Start of Block

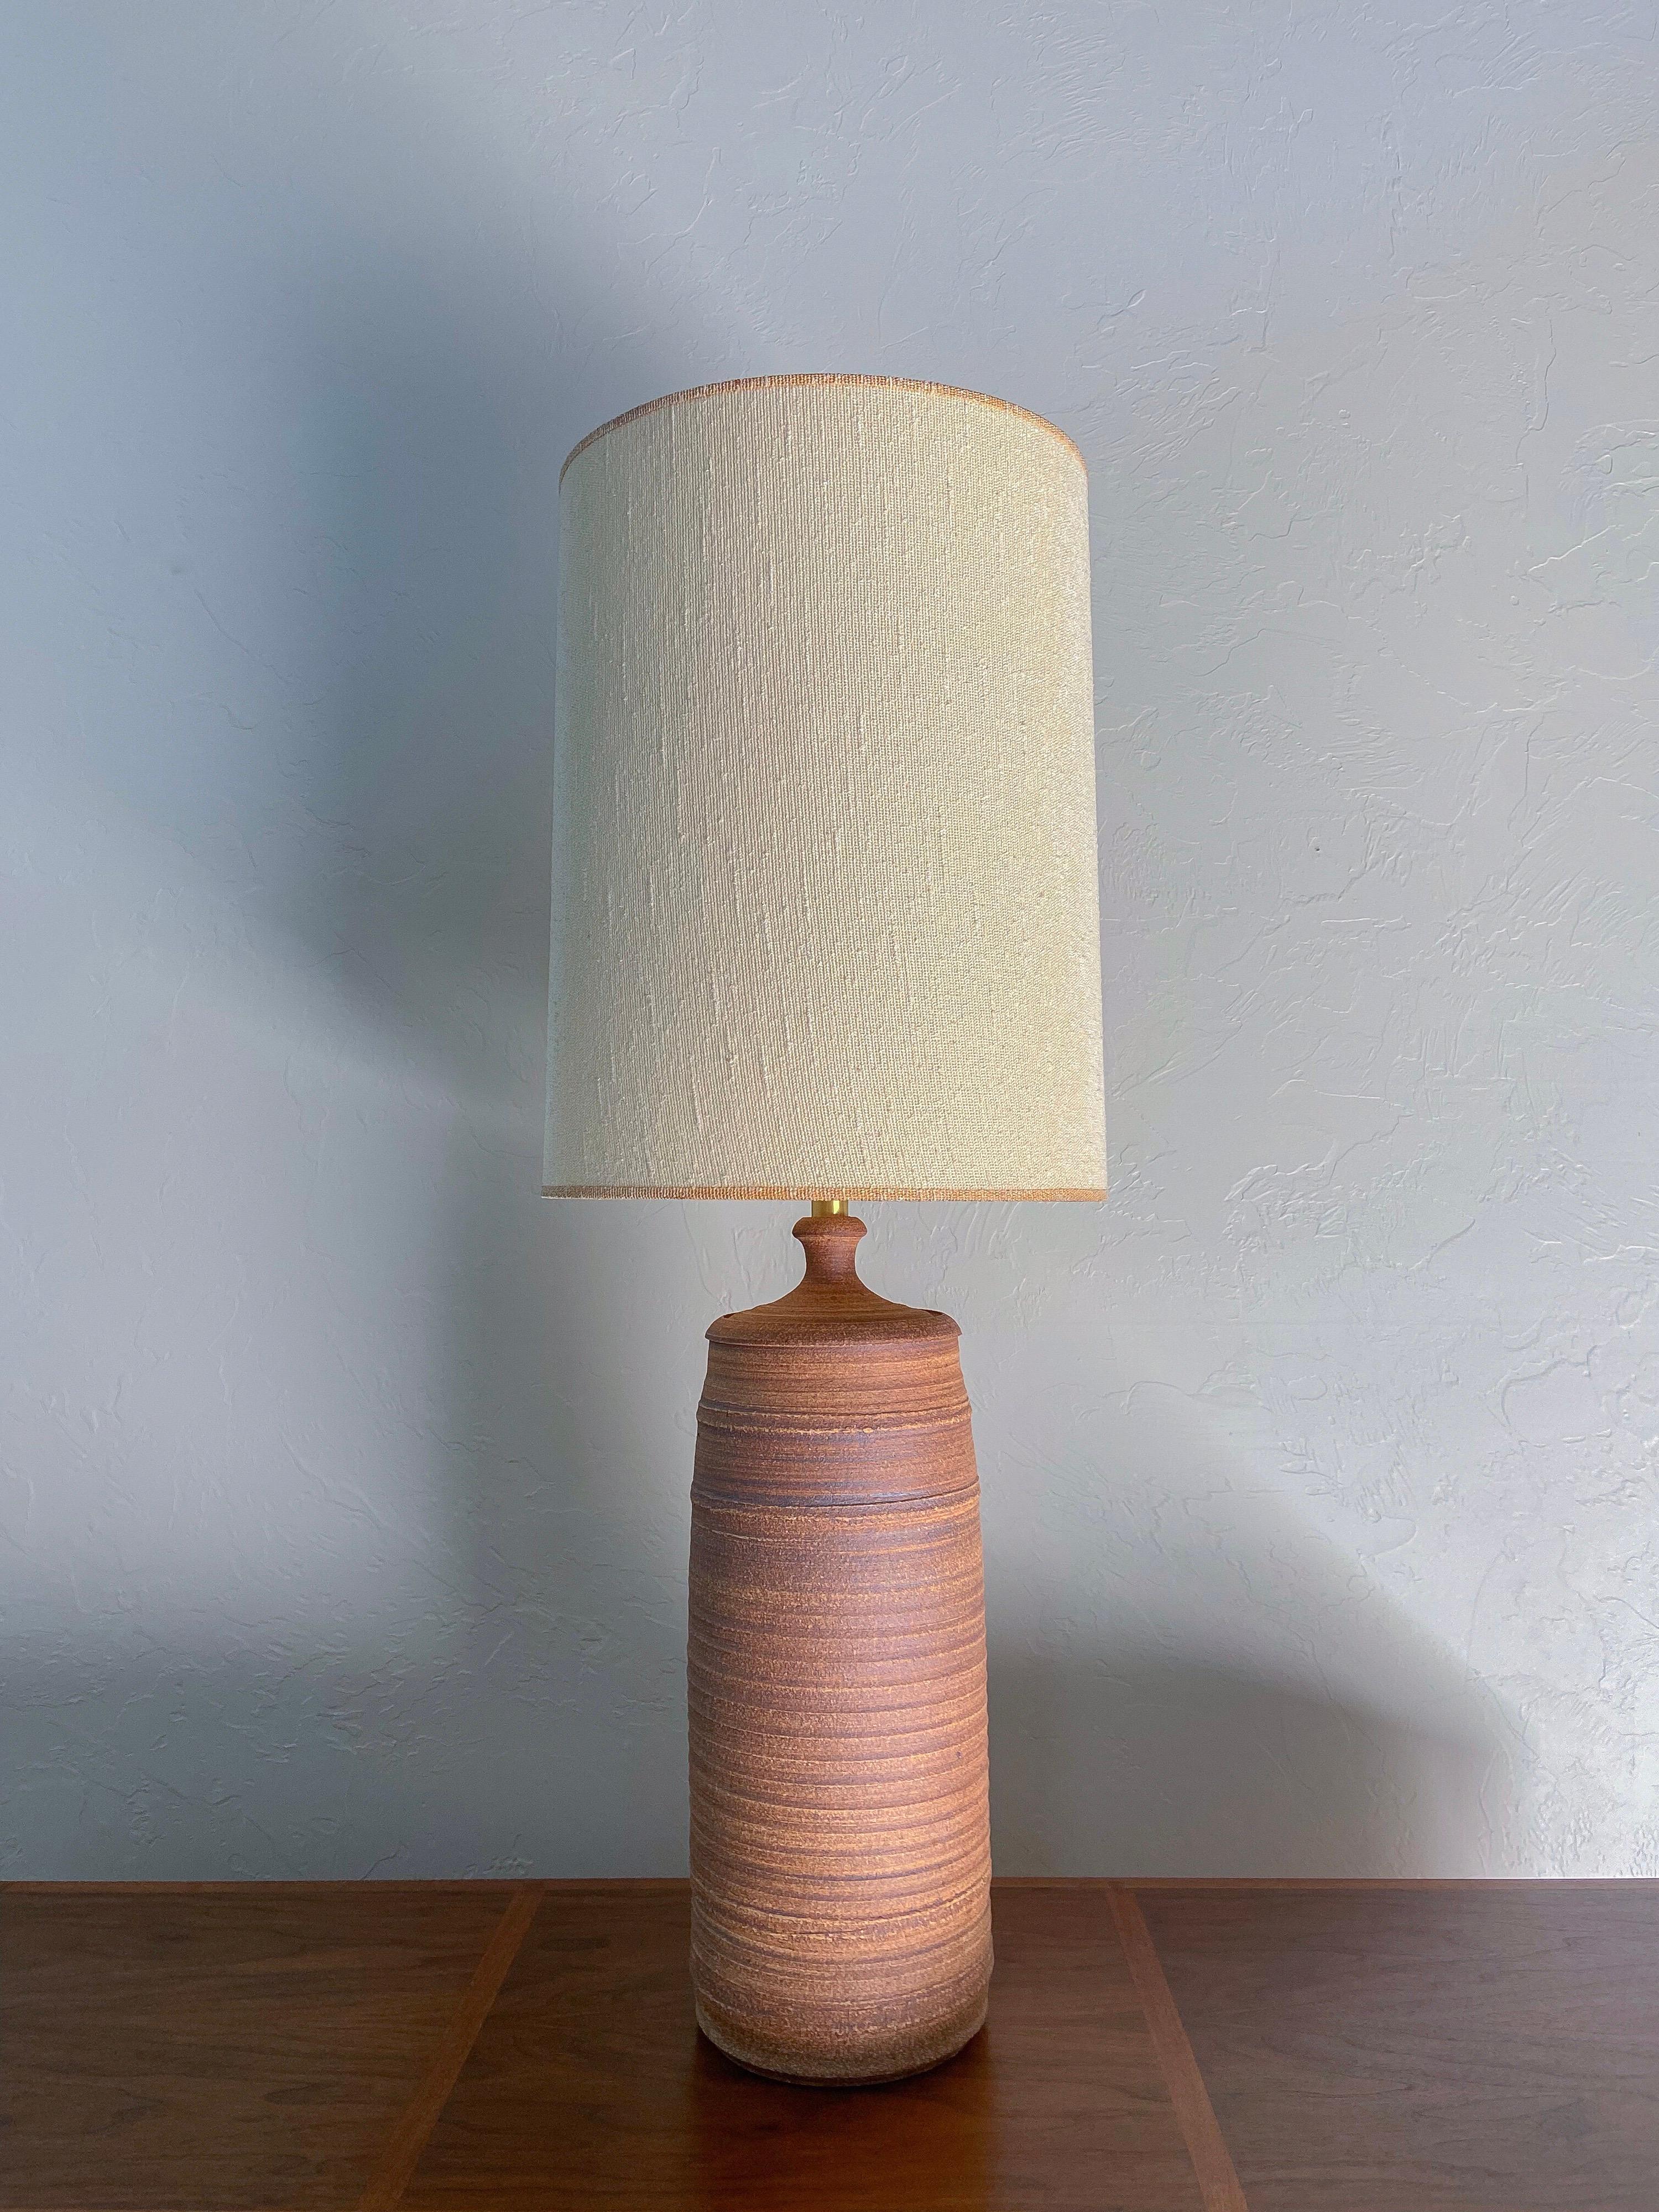 Eine großformatige, handgefertigte Steingutlampe von Phil Bartok für die Firma Affiliated Craftsmen Studios. 

Wunderschöne Erdtöne und Texturen verleihen dieser Lampe eine Vielzahl von passenden Stilen. 

Bartok war zusammen mit Bob Kinzie
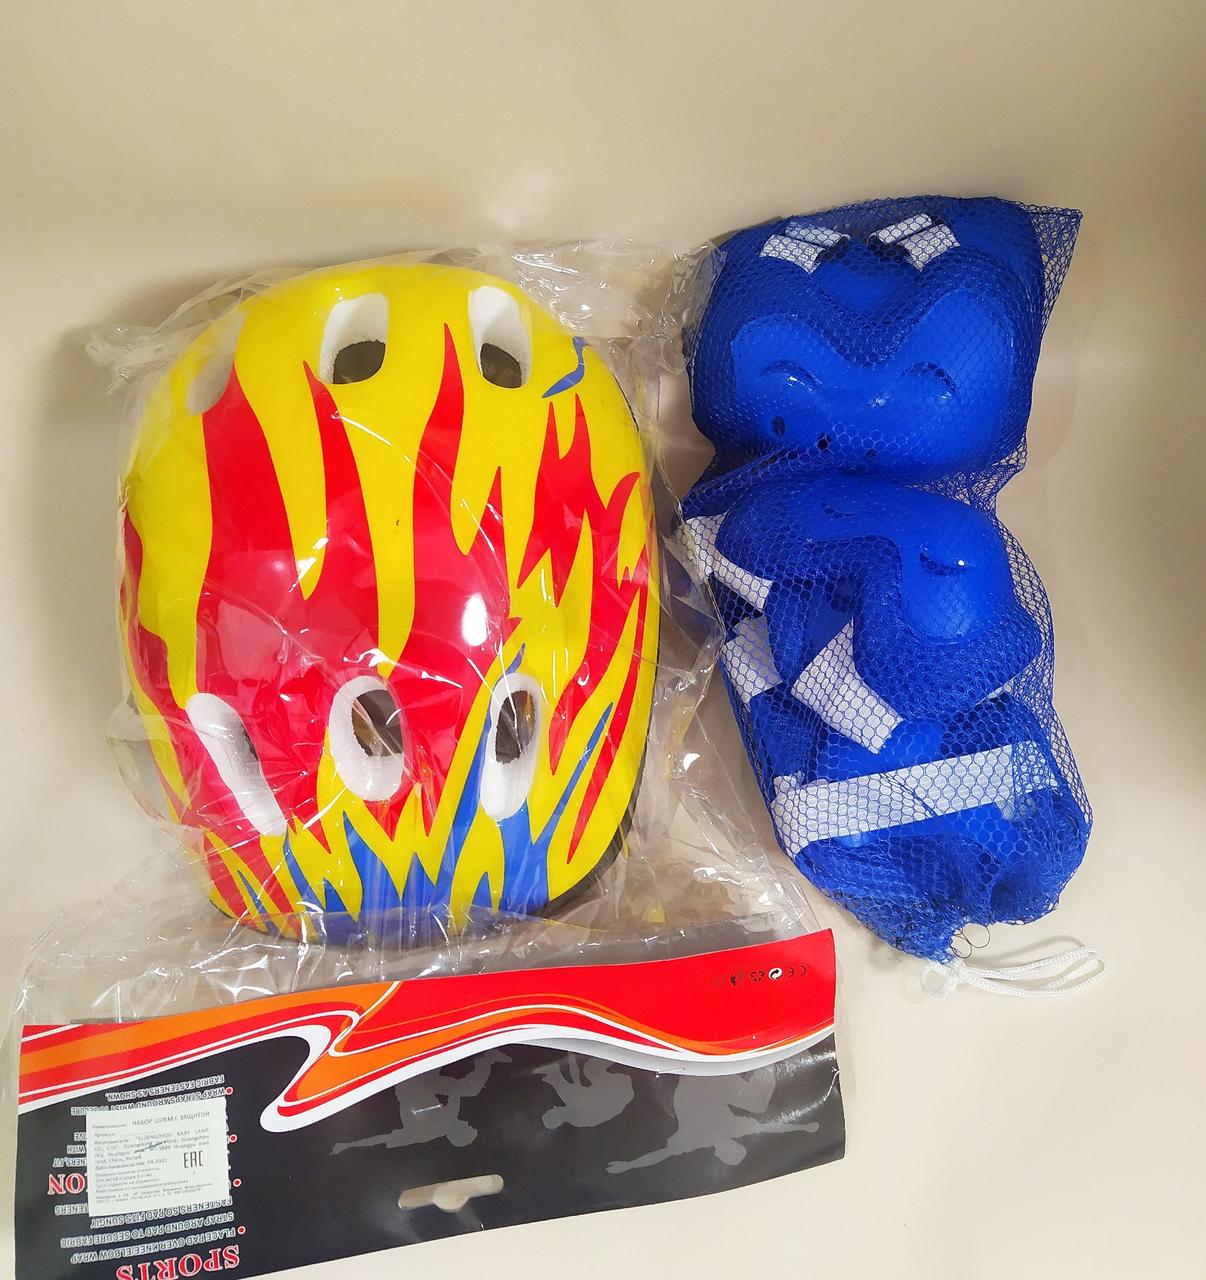 Детский комплект защитный шлем +защита для катания на роликах, велосипеде, скейт и др.

End of Block

[DIRECTIONS] From the line with "Bartok war zusammen mit Bob Kinzie" through the final line of the data above, copy everything exactly, both ends included, but not the pictures.

[FINAL ANSWER]
Bartok war zusammen mit Bob Kinzie
 Детский комплект защитный шлем +защита для катания на роликах, велосипеде, скейт и др.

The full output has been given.